Career Search Advice for Millennial Job Hunters

Millennials and job search

 Graduating from college is a huge accomplishment, and parents and young adults deserve to celebrate and enjoy the knowledge that this goal has been achieved. Some college graduates head out into the world certain of what career they want to pursue with a degree to match. Engineering, computer science, accounting, human relations, math and other specialized fields have clear career paths and often have abundant opportunities for new graduates.

For other majors, especially liberal arts majors, a lucrative job and the chosen field of study don't always meet up. Either way, using resources and connections to help with the job search is something every young adult must do.

This infographic is a good place to start the thought process that will help young adults and millennials find the job that suits them best.

First, a Resume - and LinkedIn

Ask most HR managers and others in charge of hiring for companies and they will tell you that LinkedIn is one of their preferred tools for searching for prospective employees and doing research on applicants. With over 450 million users, LinkedIn is the behemoth of professional connecting sites. Setting up a profile is easy, and there are a variety of levels of membership. If possible, use a professional headshot for the profile photo, and start connecting to others as soon as your information is completely updated.

Look at profiles of others who are in jobs you find interesting to get an idea of what skills and training are useful in those positions.

To get a professionally done resume, search on Google for career counselors in your community, or ask friends and colleagues for referrals. Be sure you understand exactly what you will get before handing over any money.

Anyone can call themselves a career counselor, so good references are important.

Resumes can be done online at a much lower cost, and for many job seekers this is a good start - but if you find that there is not much response to your inquiries, it might be worth the expense of having a professional take a look at your information.

Clean Up Your Social Media

It goes without saying that any hiring manager will search Facebook, Twitter, Instagram and Tumblr for anything about you if they are seriously considering interviewing or hiring you for their company. Be sure to purge your profiles of any photos that are less-than appropriate. Use common sense when deciding whether something should stay or go. Some advise to completely delete your accounts.

College Alumni - an Important Resource

Even if your young adult has returned home from a school that is a long distance away, chances are there are alumni groups or associations to tap into. Whether they are meeting up in real life or online, Alumni groups offer the opportunity to reach out to people with various careers for information, insight and possibly mentoring. 

Other excellent resources for those who were in the Greek system are fraternity or sorority alumni groups.


Staying connected to friends from college is a smart and strategic way to keep up with the careers of classmates. Reaching out to a dorm mate or a sorority sister can sometimes be a good way to hear of job openings at companies of interest.

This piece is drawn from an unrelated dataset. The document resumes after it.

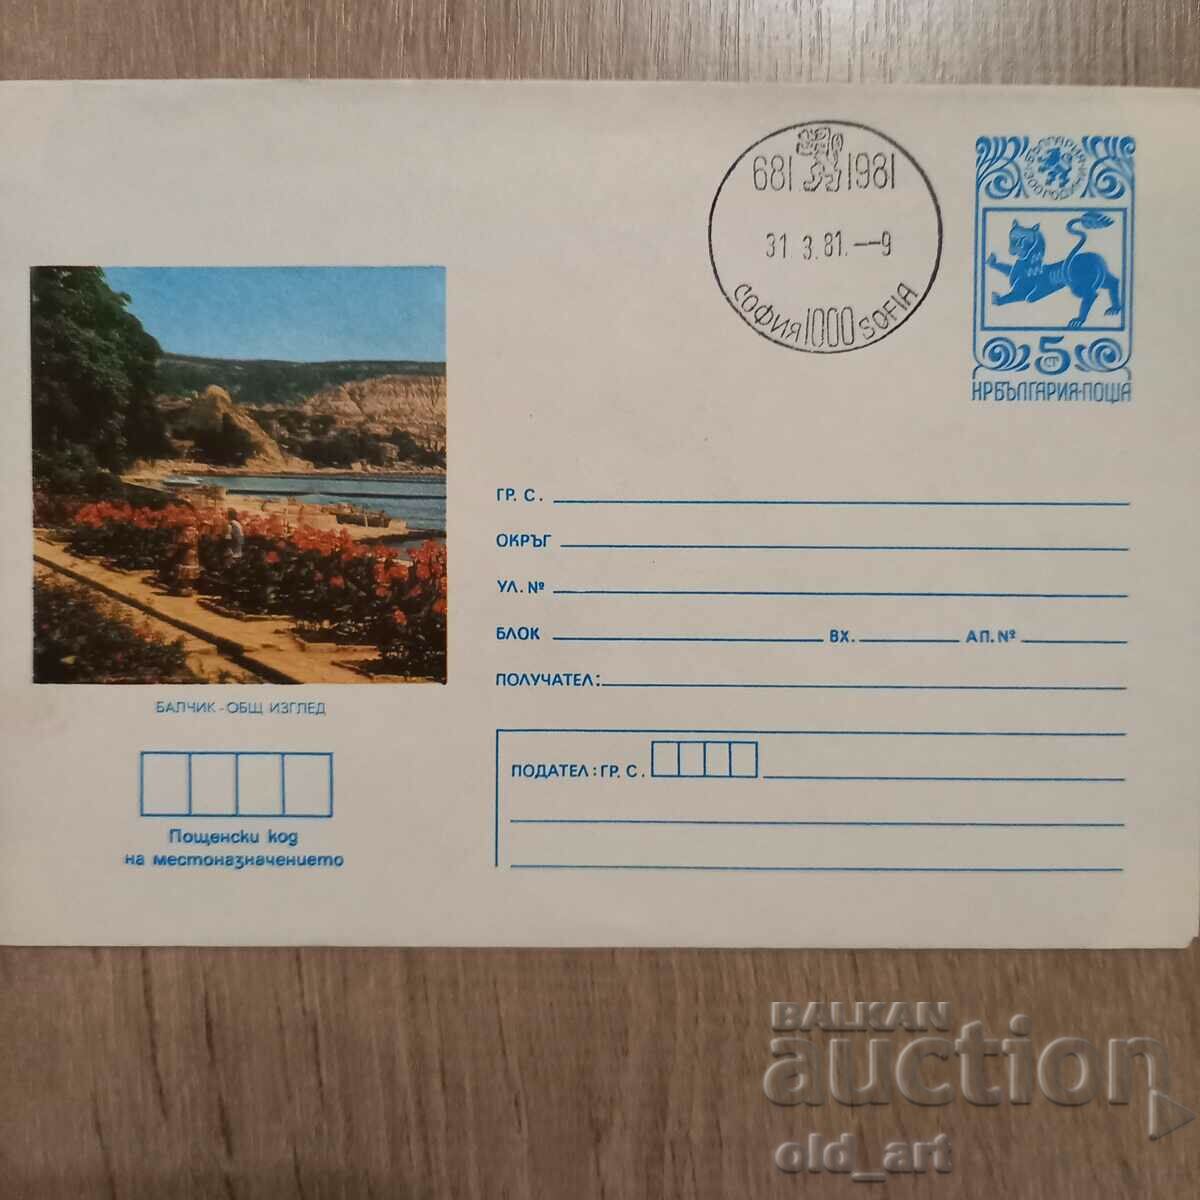 Postal envelope - Balchik, General view

Looking for a Job is a Full Time Job

There is no question that job hunting is a tedious and exhausting process. Staying positive in the face of little or no response to inquiries can be not only difficult but defeating. Even so, it's essential to keep trying, Monday through Friday, to find the job that will be right for you. Schedule job hunting into each day along with workouts, drinks with friends or any other activity. If there are no new jobs to apply for, do research in your field of interest, whether online or by reading a book or newspaper. Keep up with the latest information so you will be well-informed when you do have the opportunity to meet with a prospective employer.


Don't Forget to Say Thank You

You may have to best interview ever, but if you neglect to thank the person you met with, you will not get the job. As soon as you are done with the interview, send an email directly to the person who you talked to, and recap a few of the highlights of your conversation. Though you may not be the chosen candidate for this position, you will stay top-of-mind for future opportunities.